Question

If $PQRS$ is a kite. $\angle P = {70^0},\angle S = {90.5^0},\angle R$ equals .

(A) ${99^0}$
(B) ${91^0}$
(C) ${111^0}$
(D) ${109^0}$

Answer 1

Hint: A triangle in which two sides are equal is called an isosceles triangle.
Angle opposite to the equal sides of an isosceles triangle is equal.
It means if the two sides are equal to a triangle, then their corresponding angles are also equal.
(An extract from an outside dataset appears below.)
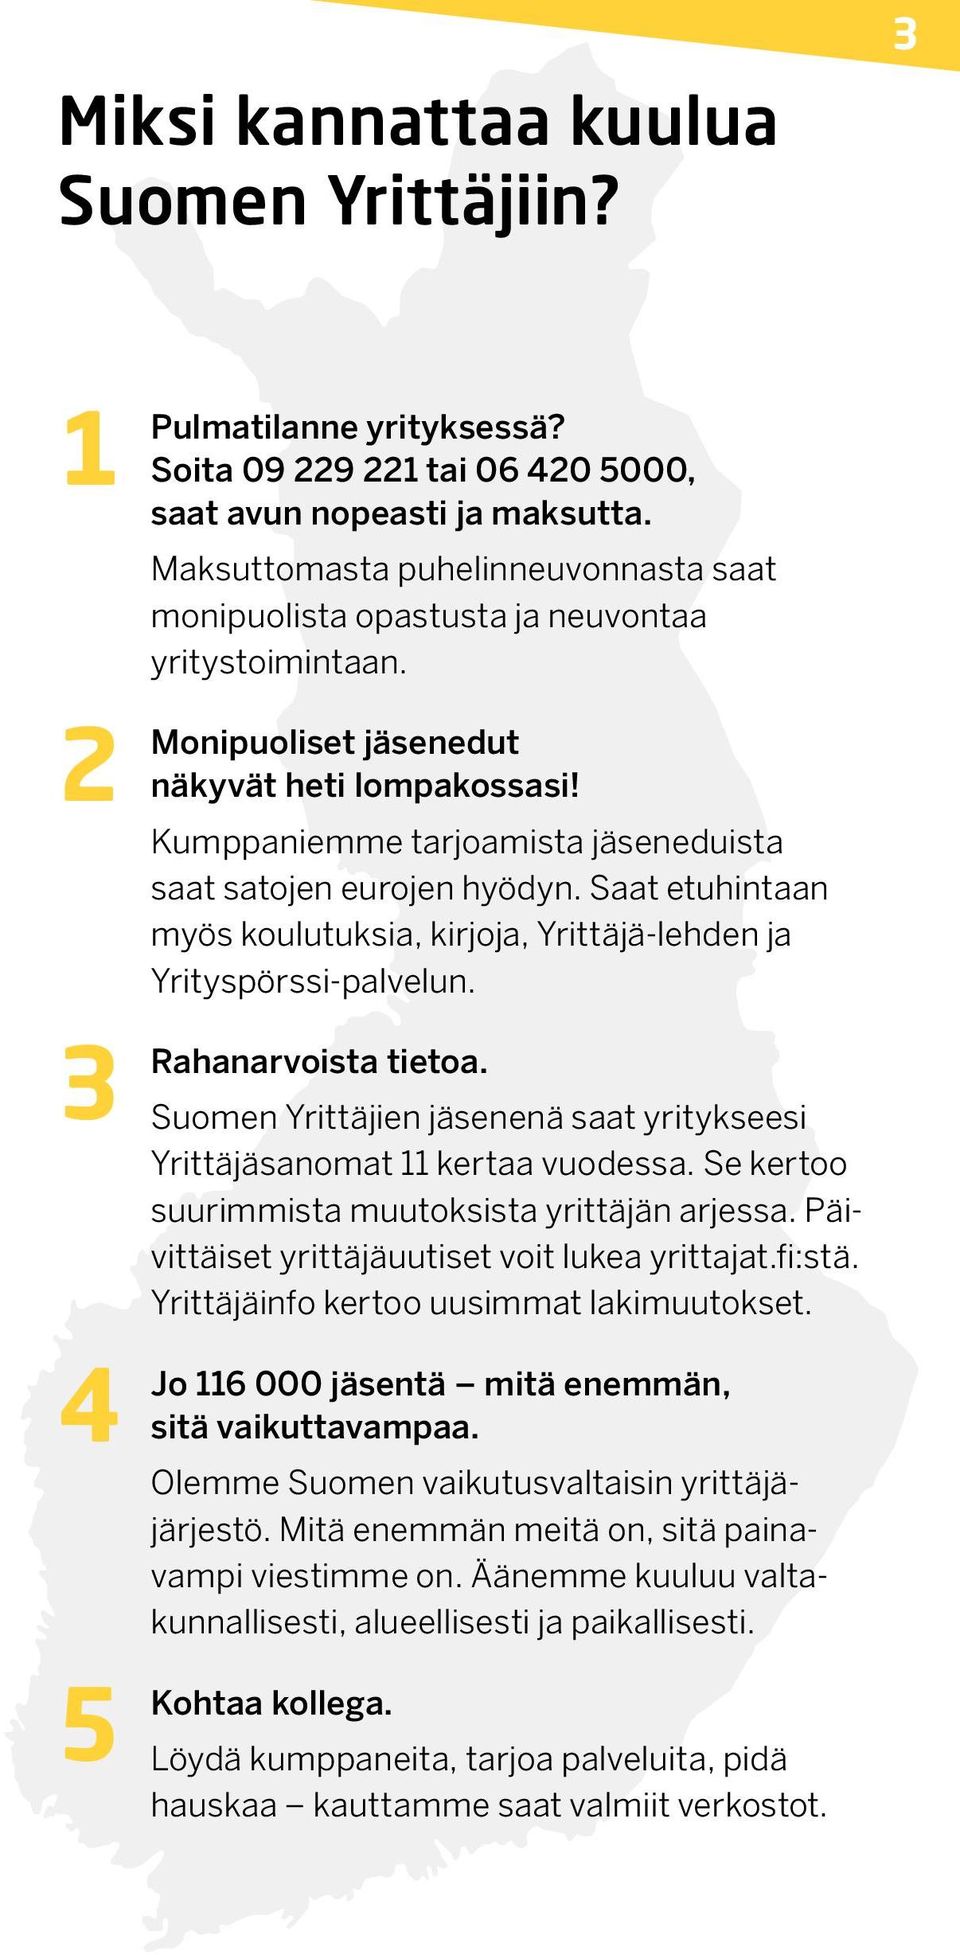 Saat etuhintaan myös koulutuksia, kirjoja, Yrittäjä-lehden ja Yrityspörssi-palvelun. tietoa. Suomen Yrittäjien jäsenenä saat yritykseesi Yrittäjäsanomat 11 kertaa vuodessa.

Let \[\Delta ABC\], in which side $AB$is equal to side .$AC$
i.e. $AB = AC$
Therefore angle $B$is equal to angle$C$.
i.e. $\angle B = \angle C$

Complete step-by-step answer:
Step 1: Given $PQRS$ is a kite.
Where angle $P$ i.e. $\angle P = {70^0}$ and angle $S$i.e. $\angle S = {90.5^0}$ we will find the value of
$\angle R$

Step 2: firstly consider triangle $PQS$ In $\Delta PQS$, the sides $PS$is equal to $PQ$ i.e. $PS = PQ$
Therefore, the angle $PSQ$ is equal to angle $PQS$ i.e. $\angle PSQ = \angle PQS.$ ----(a)
We know that the sum of the interior angle of a triangle is ${180^0}$.
So angle $P$ plus angle $PSQ$ plus angle $PQS$ is ${180^0}$i.e.
Consider $\angle PSQ = \angle PQS = x$
So from equation $(a)$
${70^0} + x + x = {180^0}$
$\Rightarrow$ $2x = {180^0} - {70^0}$
$\Rightarrow$ $2x = {110^0}$
$\Rightarrow$ $x = \dfrac{{{{110}^0}}}{2} = {55^0}$
Step-3: Give that $\angle S = \angle PSQ + \angle RSQ$
 ${90.5^0} = {55^0} + \angle RSQ$
 ${90.5^0} - {55^0} = \angle RSQ$
${35.5^0} = \angle RSQ$
We have already given angle$S$. So we early found the value of angle $RSQ$ is ${35.5^0}$.
Step – 4: Similarly consider the triangle$RSQ$. In $\Delta RSQ$, the side $SR$is equal to $RQ$ i.e. $SR = RQ$.
Therefore angle $RSQ$ is equal to the angle $RQS$ i.e. $\angle RQS = {35.5^0}$.
We know that the sum of the interior angle of the triangle is ${180^0}$ .
Therefore $\angle RSQ + \angle RQS + \angle R = {180^0}$ --------(b)
Putt the value of $\angle RSQ$and $\angle RQS$is equation (b), we get
$35.5 + 35.5 + \angle R = 180$
$\Rightarrow$ ${71^0} + \angle R = {180^0}$
$\Rightarrow$ $\angle R = 180 - {71^0}$
$\Rightarrow$ $\angle R = {109^0}$
So, we get the value of angle $R$is ${109^0}$ $\angle R = 109$ .
Hence, option (D) is the right Answer.

Note: The sides opposite to equal angles of a triangle are equal.
(SAS congruence) two triangles are congruent if two sides and the included angle of one triangle are equal to the two sides and the included angle of the other triangle.